By exploring the effect of N₂ fixation on S-isotope fractionation by sulfate reducers, our observations indicate that nitrogen limitation increase the already large S-isotope fractionation in areas characterized by low productivity, such as deep sea sediments (e.g., see reference 61). Organic compounds limit the growth and MSR in these settings, but the nitrogen requirement of microbial communities in deep sea sediments may further increase ³⁴ε depending on the C/N ratio of organic substrates used for growth (3). More surprisingly, recent studies also have correlated nitrogen fixation with the activity of sulfate reducers in porewaters characterized by ammonium concentrations as high as 1 mM (4) and in organic-rich estuarine sediments (24). Nitrogen fixation thus occurs in sediments under hypoxic water columns even though the porewater ammonium concentrations are higher than 0.1 mM (4). These concentrations are comparable to those limiting the growth of DMSS-1 in our laboratory cultures (Fig. 1). Nitrogen fixation by sulfate reducers in organic-rich areas and its isotopic signatures have yet to be explored in detail, but our data predict higher S-isotope fractionations even in zones with rather high rates of sulfate reduction if sulfate reducers also fix N₂. These conditions may be met in various estuarine sediments (24), oxygen minimum zones, hypoxic fjords (4), and, possibly, in Lake Cadagno, a meromictic lake in Switzerland. In this lake, dense populations of anoxygenic phototrophic bacteria at the chemocline enrich the underlying monimolimnion and sediments with organic compounds accessible to sulfate-reducing microbes (19), and sulfate-reducing Deltaproteobacteria there fix N₂ (29), likely contributing to a portion of the S-isotope difference between dissolved sulfate and sulfide, which is often as large as 45‰ (12). These hypotheses can be tested experimentally by parallel measurements of the expression of nitrogenases, sulfate-reducing rates, and S-isotope fractionations.

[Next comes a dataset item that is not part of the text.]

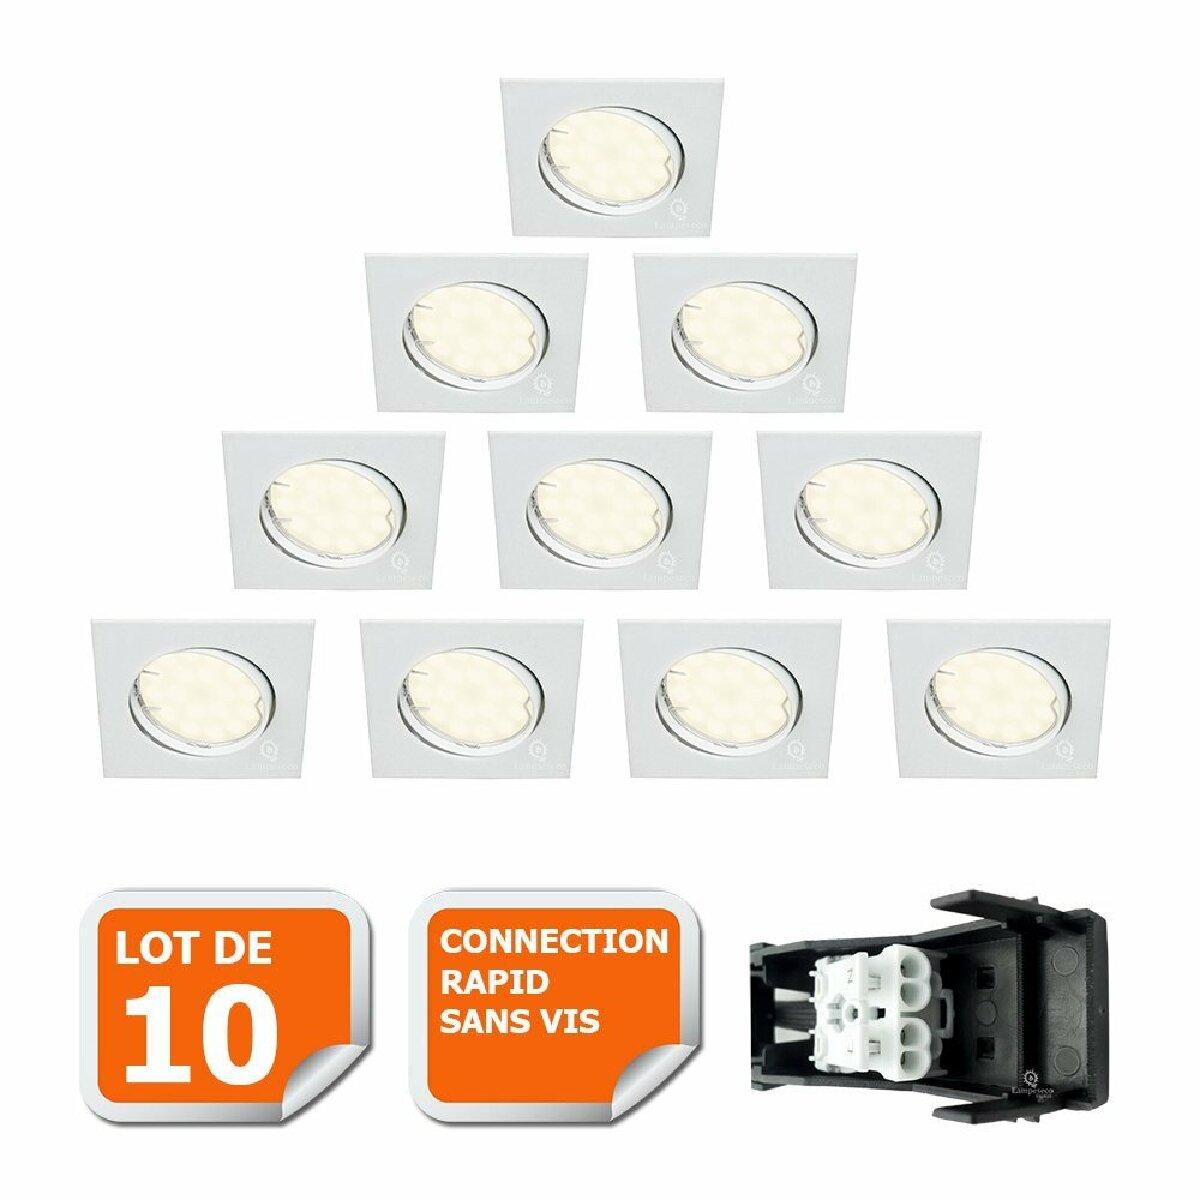 Eurobryte LOT DE 10 SPOT ENCASTRABLE ORIENTABLE CARRE LED SMD GU10 230V BLANC RENDU ENVIRON 50W HALOGENE

Emerging constraints on the physiological coupling among S, C, Fe, N, and other cycles show that controls on natural S-isotope signatures are complex and may involve limitations by various nutrients. In particular, the effects of iron and nitrogen on S-isotope fractionation described by this study underscore the need to better understand nutrient and metal requirements of sulfate-reducing microbes in natural settings. While this may complicate current interpretations of the S-isotope record, it will also draw more realistic and better informed links between microbial physiology and sedimentary biogeochemistry.